[[ MATERIAL PROVIDED, beginning ]]

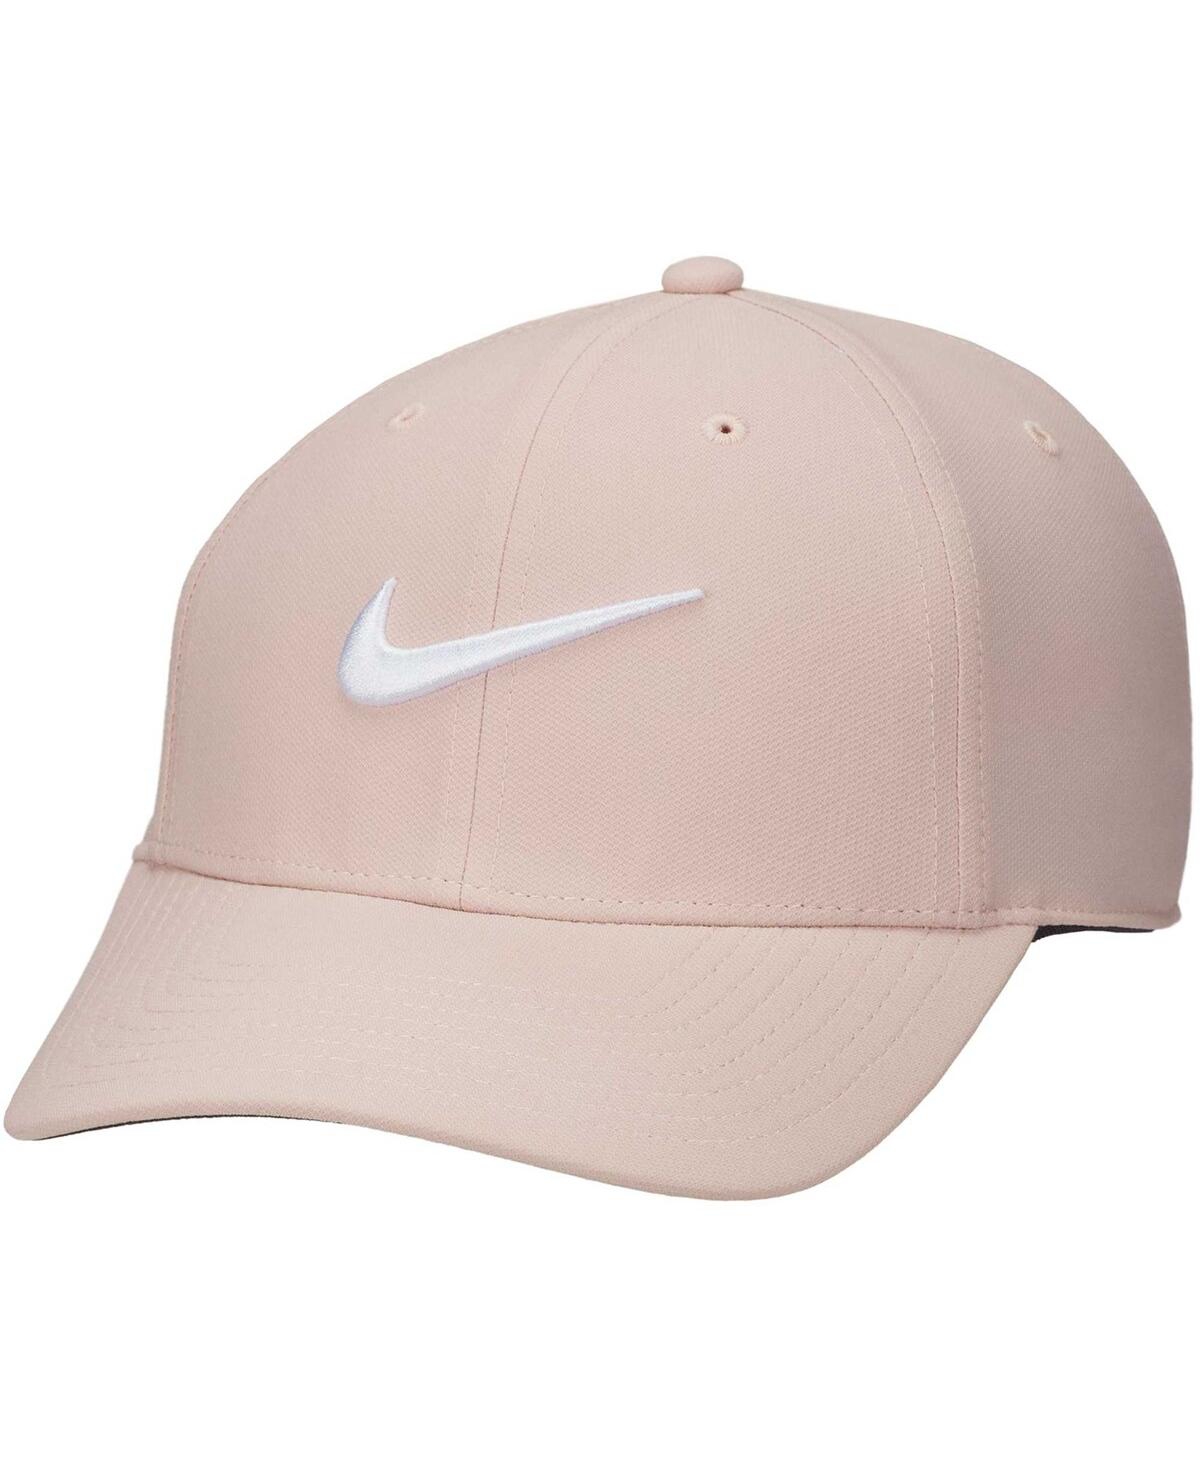 Men's Nike Light Pink Club Performance Adjustable Hat - Pink
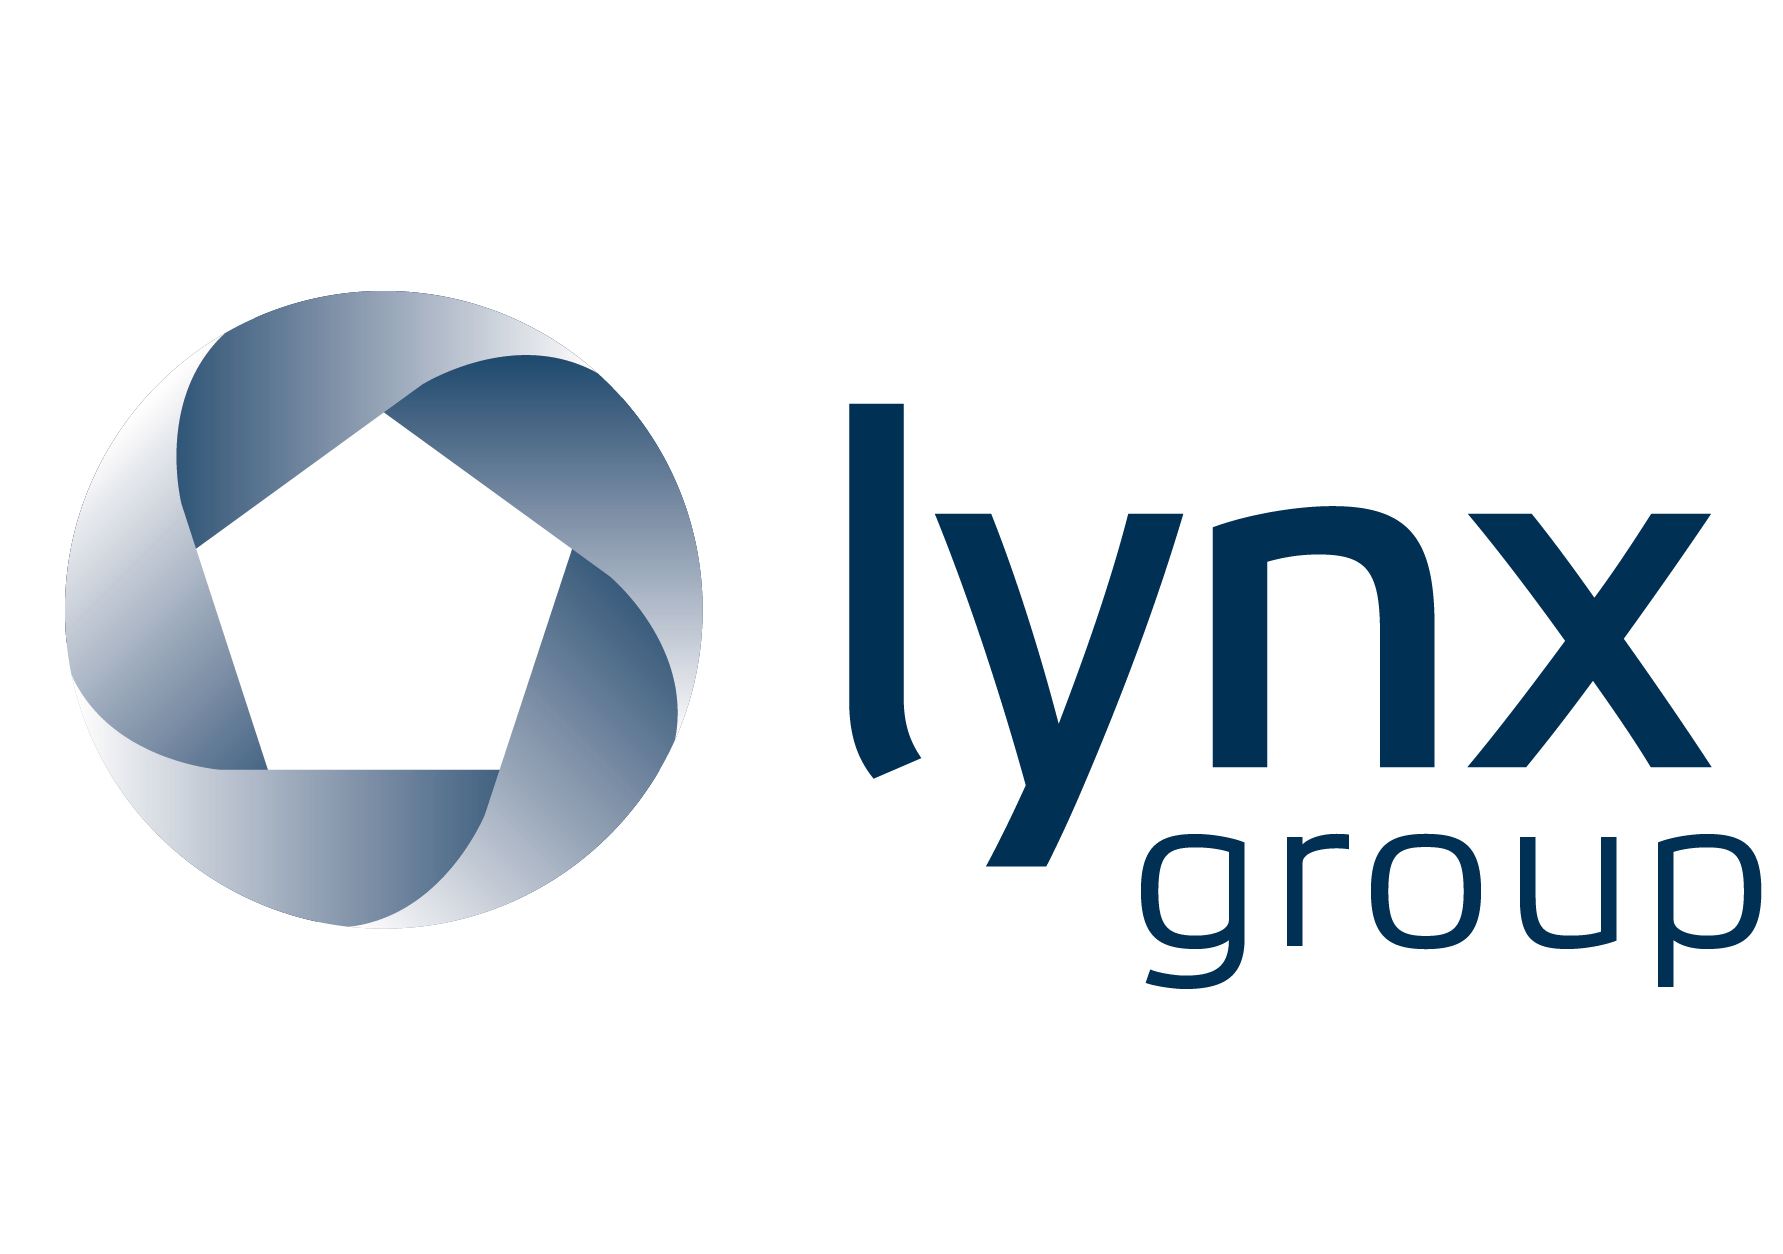 Lynx gruop colaboradora con SecuriBath
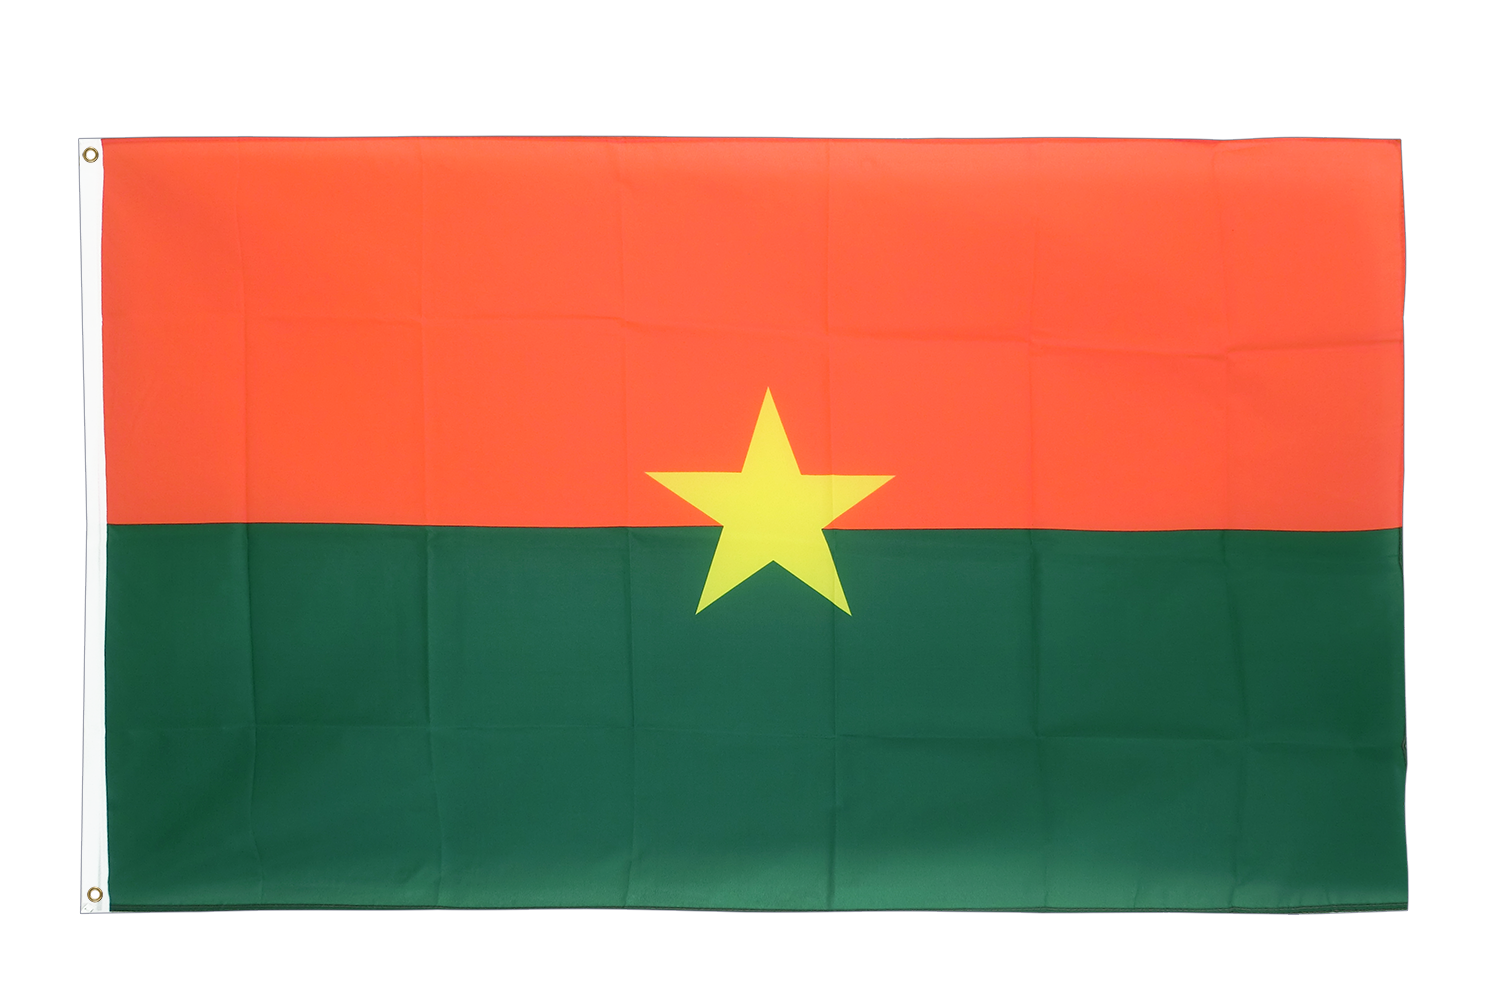 Burkina Faso Wave Flag PNG HD Quality

[[ MATERIAL PROVIDED, end ]]

» **WHAT IS NEEDED**:
Omitting all pictures, restate word for word the lines from the one containing "Lynx gruop colaboradora con SecuriBath" through the last line of the data.

» **EXERCISE SOLUTION**:
 Lynx gruop colaboradora con SecuriBath
 Burkina Faso Wave Flag PNG HD Quality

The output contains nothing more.